**Recorded data:**

== == ==

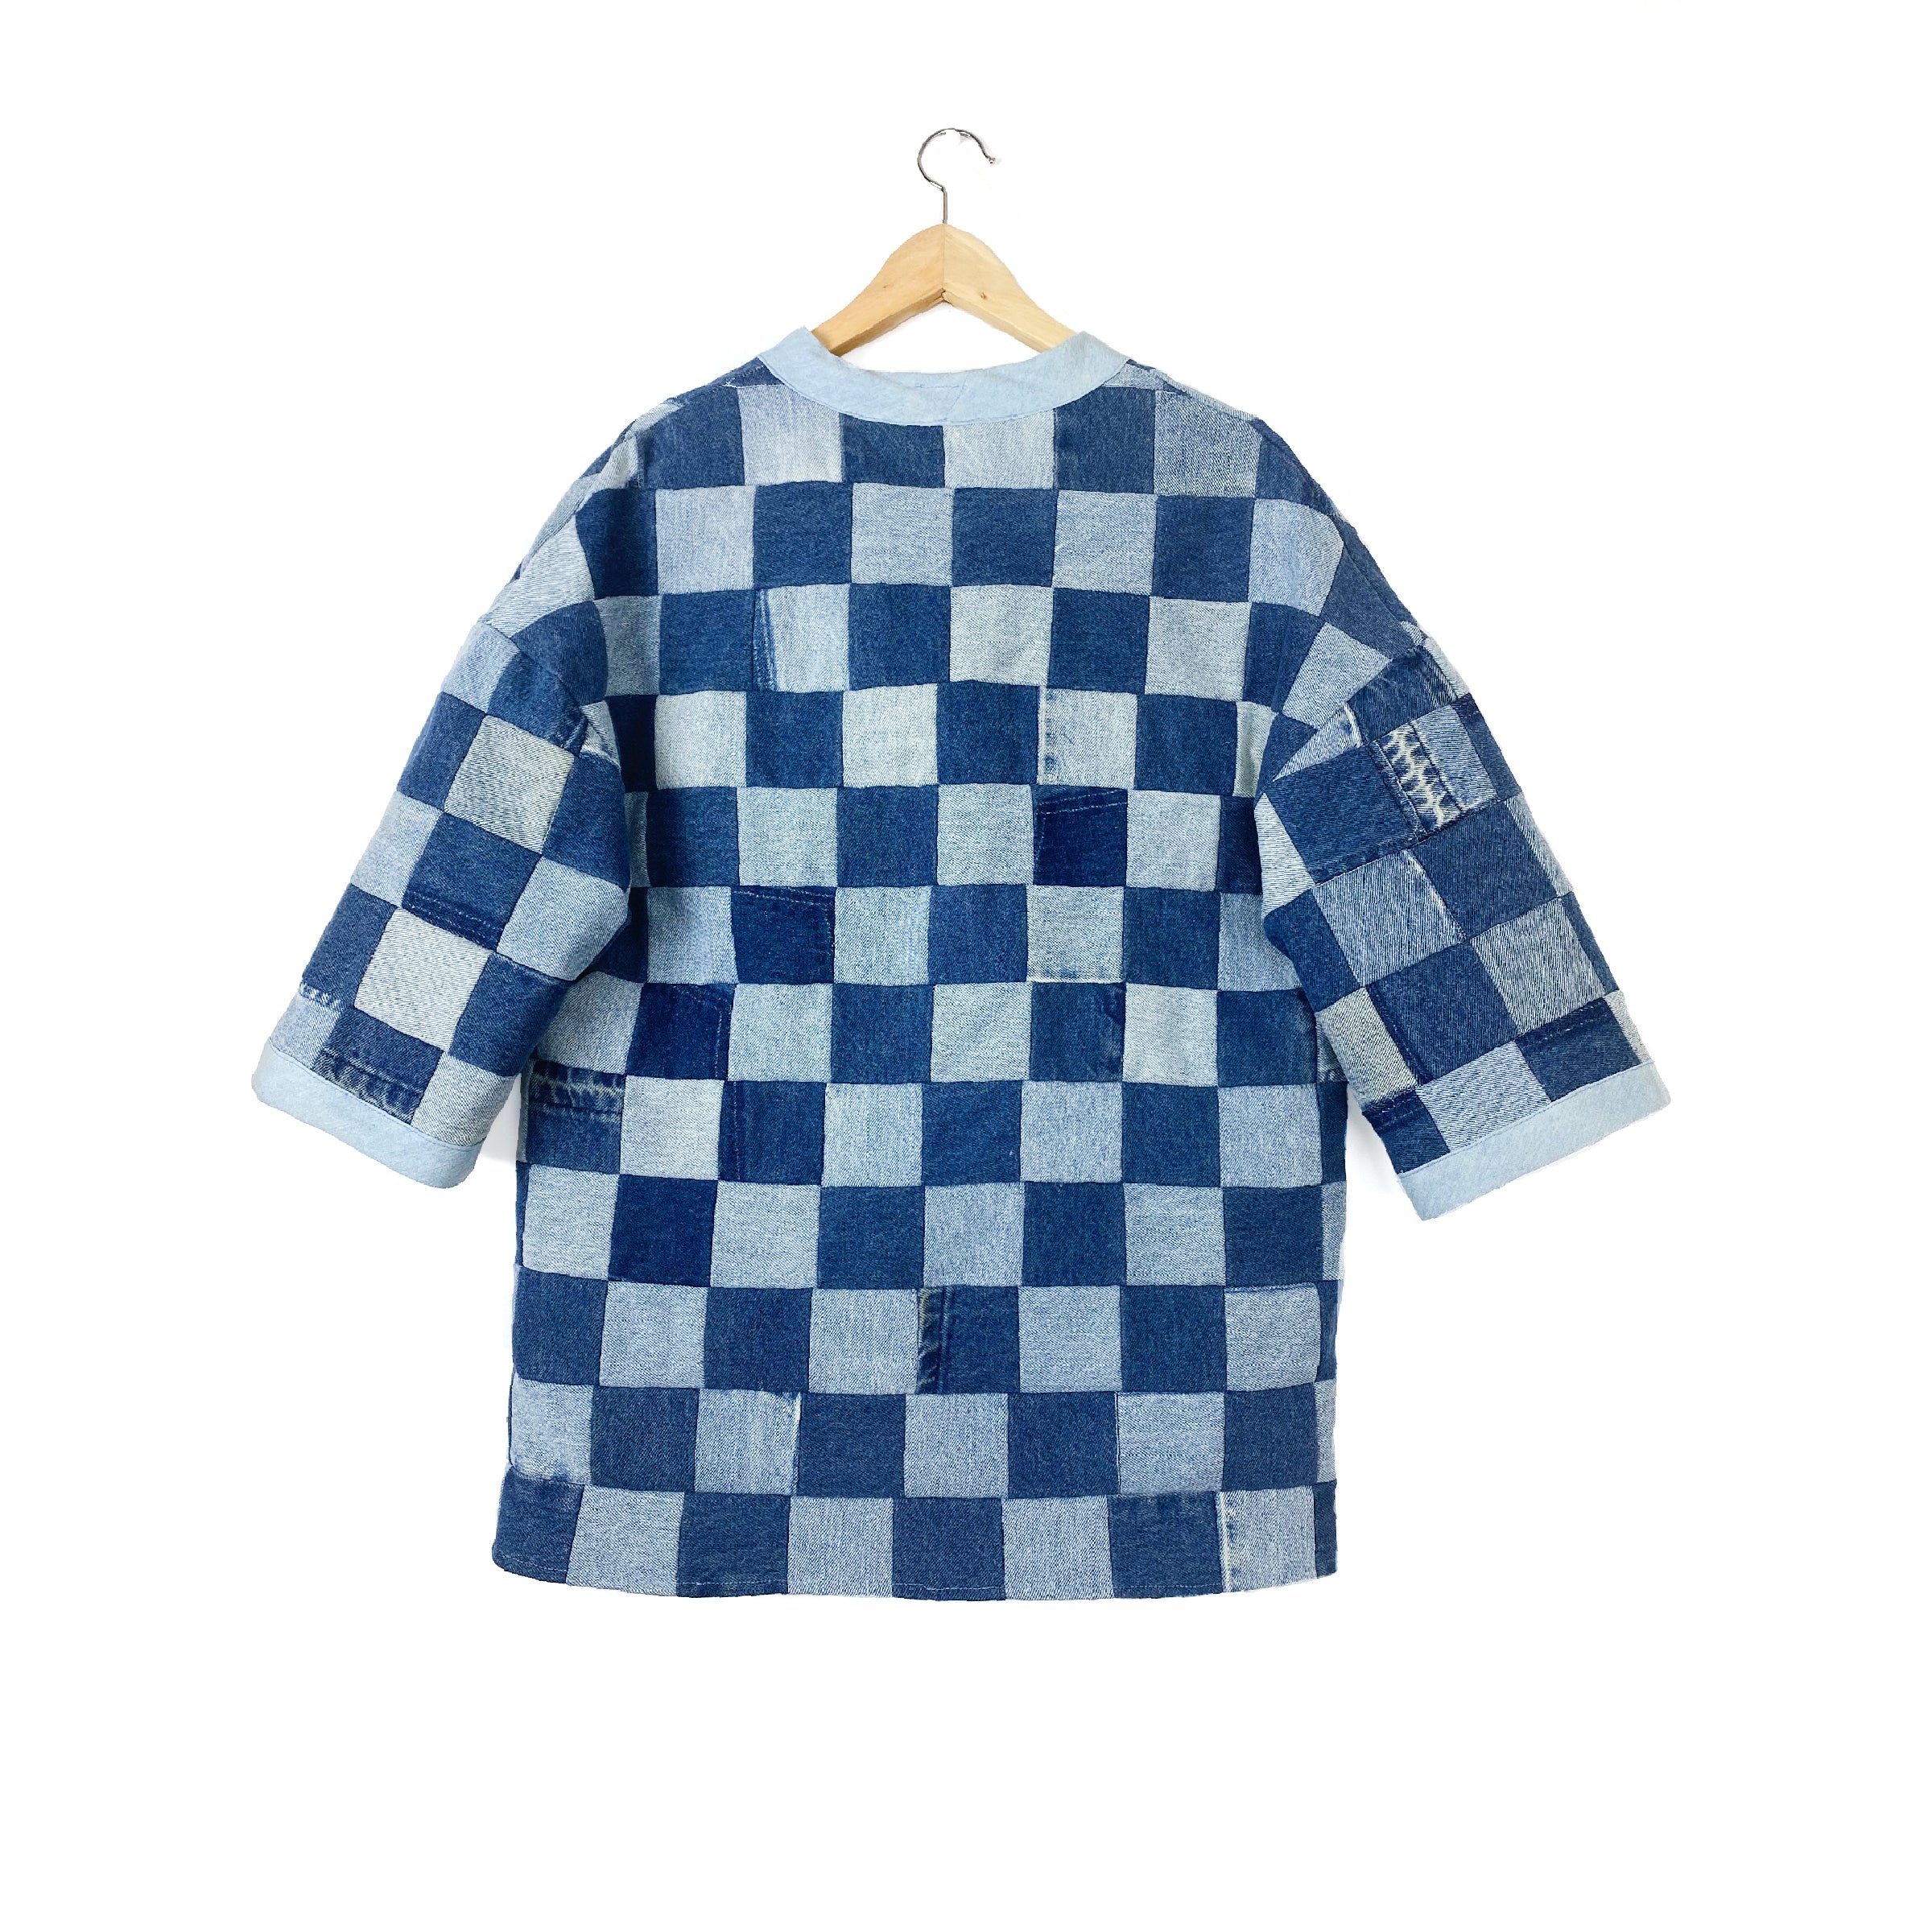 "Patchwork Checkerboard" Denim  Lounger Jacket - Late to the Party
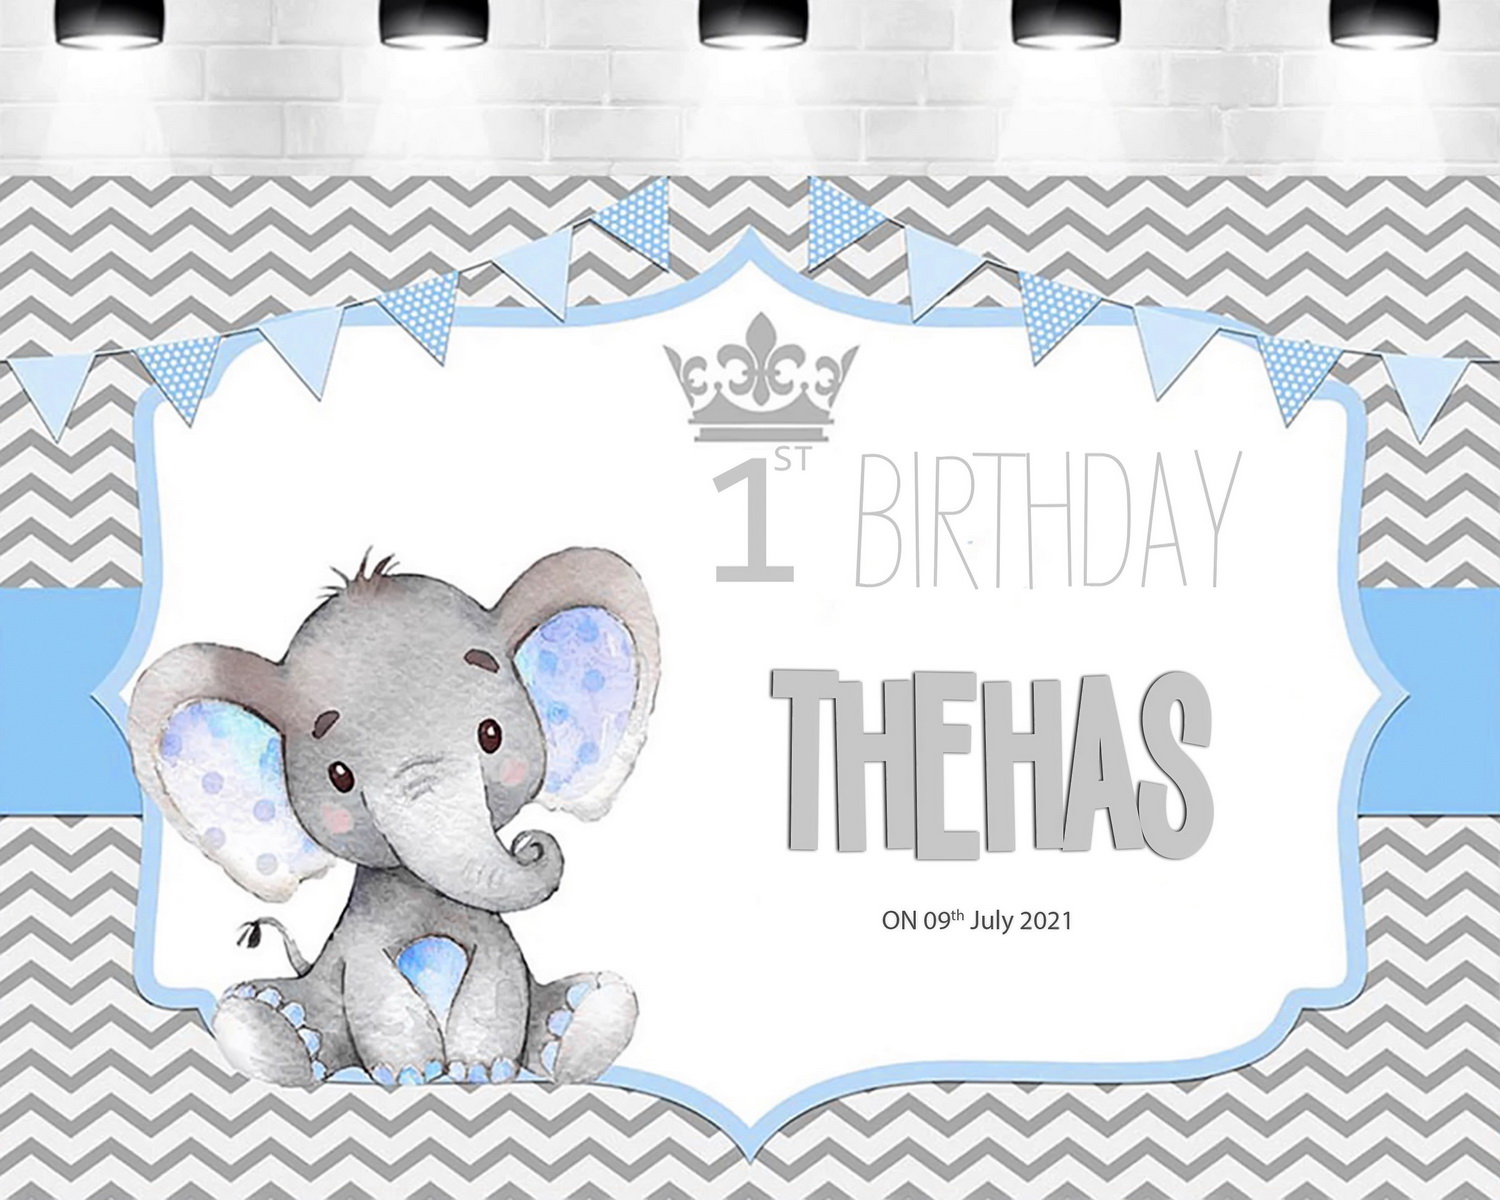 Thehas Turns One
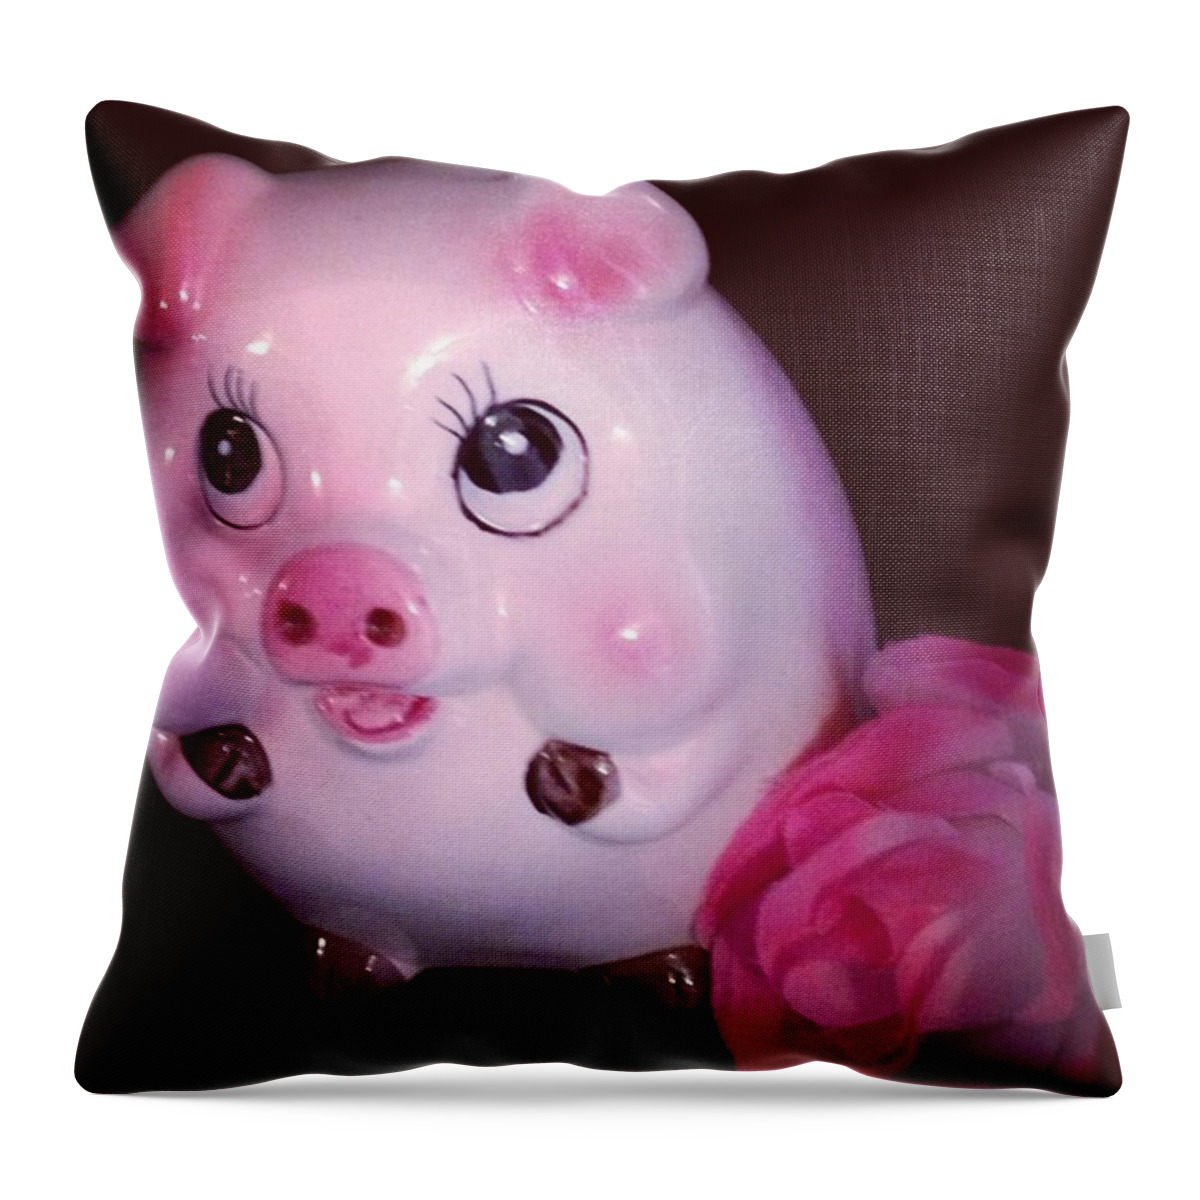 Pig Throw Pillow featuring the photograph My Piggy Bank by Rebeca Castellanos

== == ==

**Task brief:** Reproduce the listing above exactly, but skip the pictures.

**Task solution:**
 "Patchwork Checkerboard" Denim  Lounger Jacket - Late to the Party
 Thehas Turns One
 Pig Throw Pillow featuring the photograph My Piggy Bank by Rebeca Castellanos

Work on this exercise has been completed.